Der Artikel verdeutlicht jedoch auch die Ignoranz und Überheblichkeit von Medizinern, die diese Befunde nicht zur Kenntnis nehmen wollen und nach wie vor den erkrankten Menschen als seelenlosen Hi-Tec-Apparat behandeln, bei dem eine Störung durch chemische, physikalische oder chirurgische Maßnahmen behoben werden kann. Deutlich wird dies für Blech etwa an der Geringschätzung von Information und Kommunikation in der ärztlichen Praxis, die jedoch vielfältige Möglichkeiten verhindert, tatsächlich einen für die Therapie wirksamen Placebo-Effekt im Sinne eines festen Glaubens an die Genesung aufzubauen. Möglicherweise resultiert aus dieser Ignoranz der Schulmedizin auch die große Attraktivität der "alternativen Heilmethoden". Zitat aus dem Spiegel-Artikel: "Im Unterschied zu den Schulmedizinern verstehen es die Nadeltherapeuten [Mediziner, die Akupunktur durchführen, FG] offensichtlich viel besser, die Hoffnung ihrer Patienten zu wecken. Der beteiligte Arzt Heinz Endres von der Universität Bochum und seine Kollegen schreiben, dass Akupunktur bedingt durch eine Kombination unspezifischer Faktoren ein Superplacebo darstellt."

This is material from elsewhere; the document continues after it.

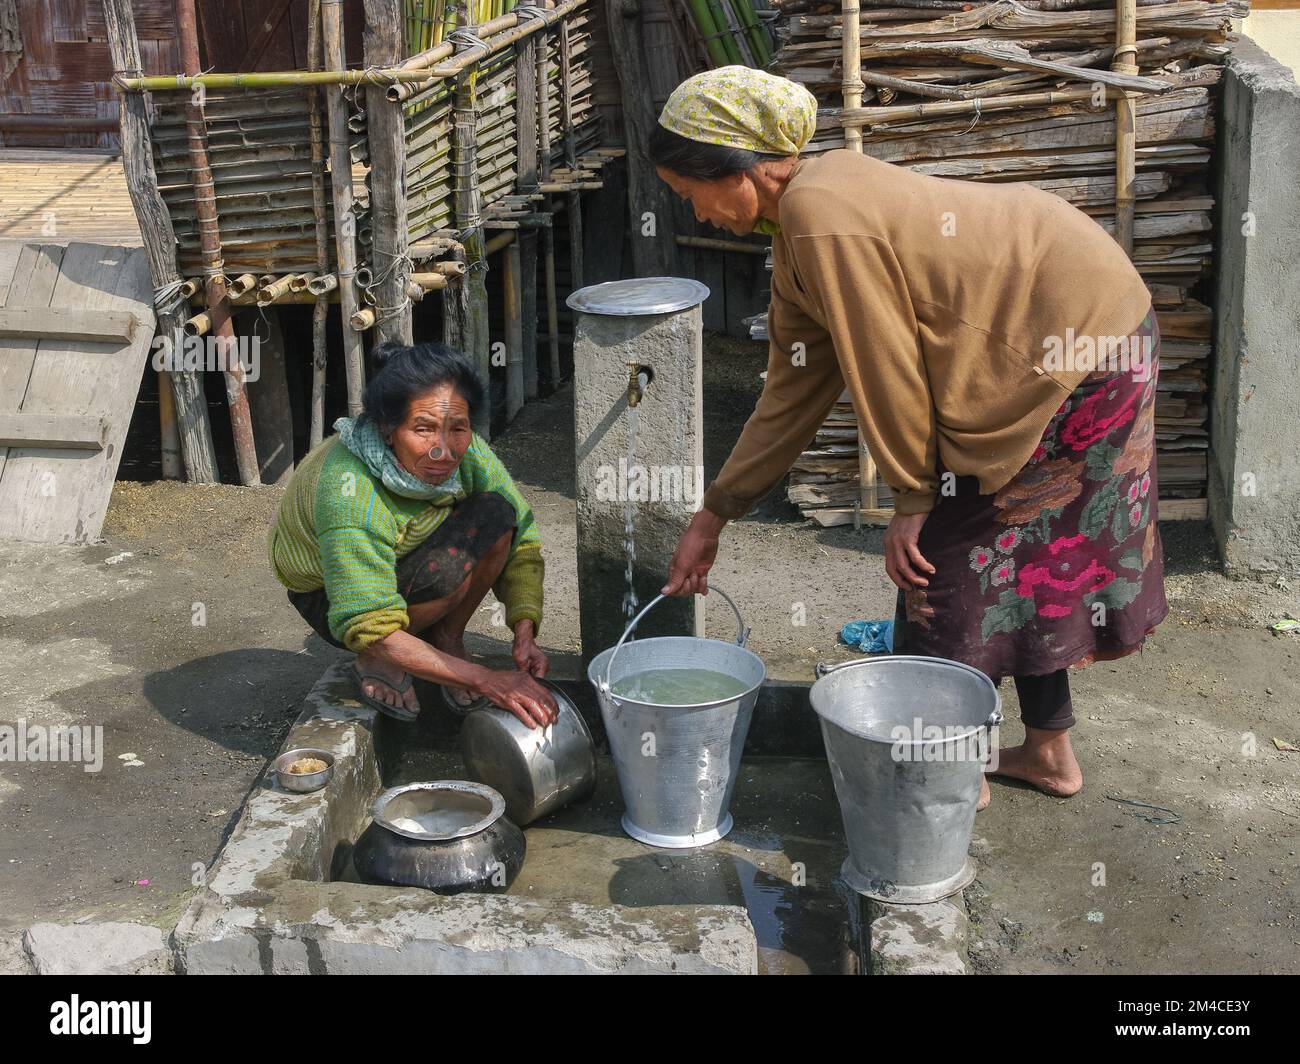 Ziro, Arunachal Pradesh, India - 03 04 2014 : Local Apatani tribal women with traditional facial tattoos and nose plugs cleaning pots at village tap Stock Photo

Auch gut kontrollierte klinische Studien über die Wirksamkeit bestimmter Therapieformen haben bislang zumeist sehr stark schwarz-weiß gemalt. Eine Interventionsgruppe und eine Kontrollgruppe wurden einander gegenüber gestellt und verglichen, dahinter stand das falsche Denkmodell: Hier wird interveniert, dort geschieht nichts. Völlig unberücksichtigt und unkontrolliert blieben dabei jedoch oftmals die sozialen Rahmenbedingungen des Versuchs und die damit bewirkten, teilweise sehr unterschiedlichen Patientenhoffnungen und -erwartungen, die jedoch den Therapieerfolg maßgeblich mit beeinflussen. Auch die bereits eingangs zitierte Meta-Analyse von Akupunkturstudien bei Knie-Arthrose hat gezeigt, dass die Ergebnisse vermutlich auch abhängig waren von unterschiedlichen Rahmenbedingungen und Erwartungen der Teilnehmer in den einzelnen Gruppen. Ein PDF der Studie ist hier zu finden: Meta-analysis: Acupuncture for Osteoarthritis of the Knee (Ann Intern Med. 2007;146:868-877)

Ein ähnliches Ergebnis zeigte sich auch für die Bilanz der sog. GERAC-Akupunktur-Studie in Deutschland (vgl. Forum Gesundheitspolitik: GERAC-Akupunkturstudien zeigen: Akupunktur ist der Standardtherapie teilweise überlegen. Auch dort wurde deutlich, dass SHAM- und Verum-Akupunktur insbesondere bei chronischen Kopfschmerzen überaus wirksam und der schulmedizinischen Therapie mit Medikamenten überlegen waren, beide jedoch in ähnlich großem Umfang.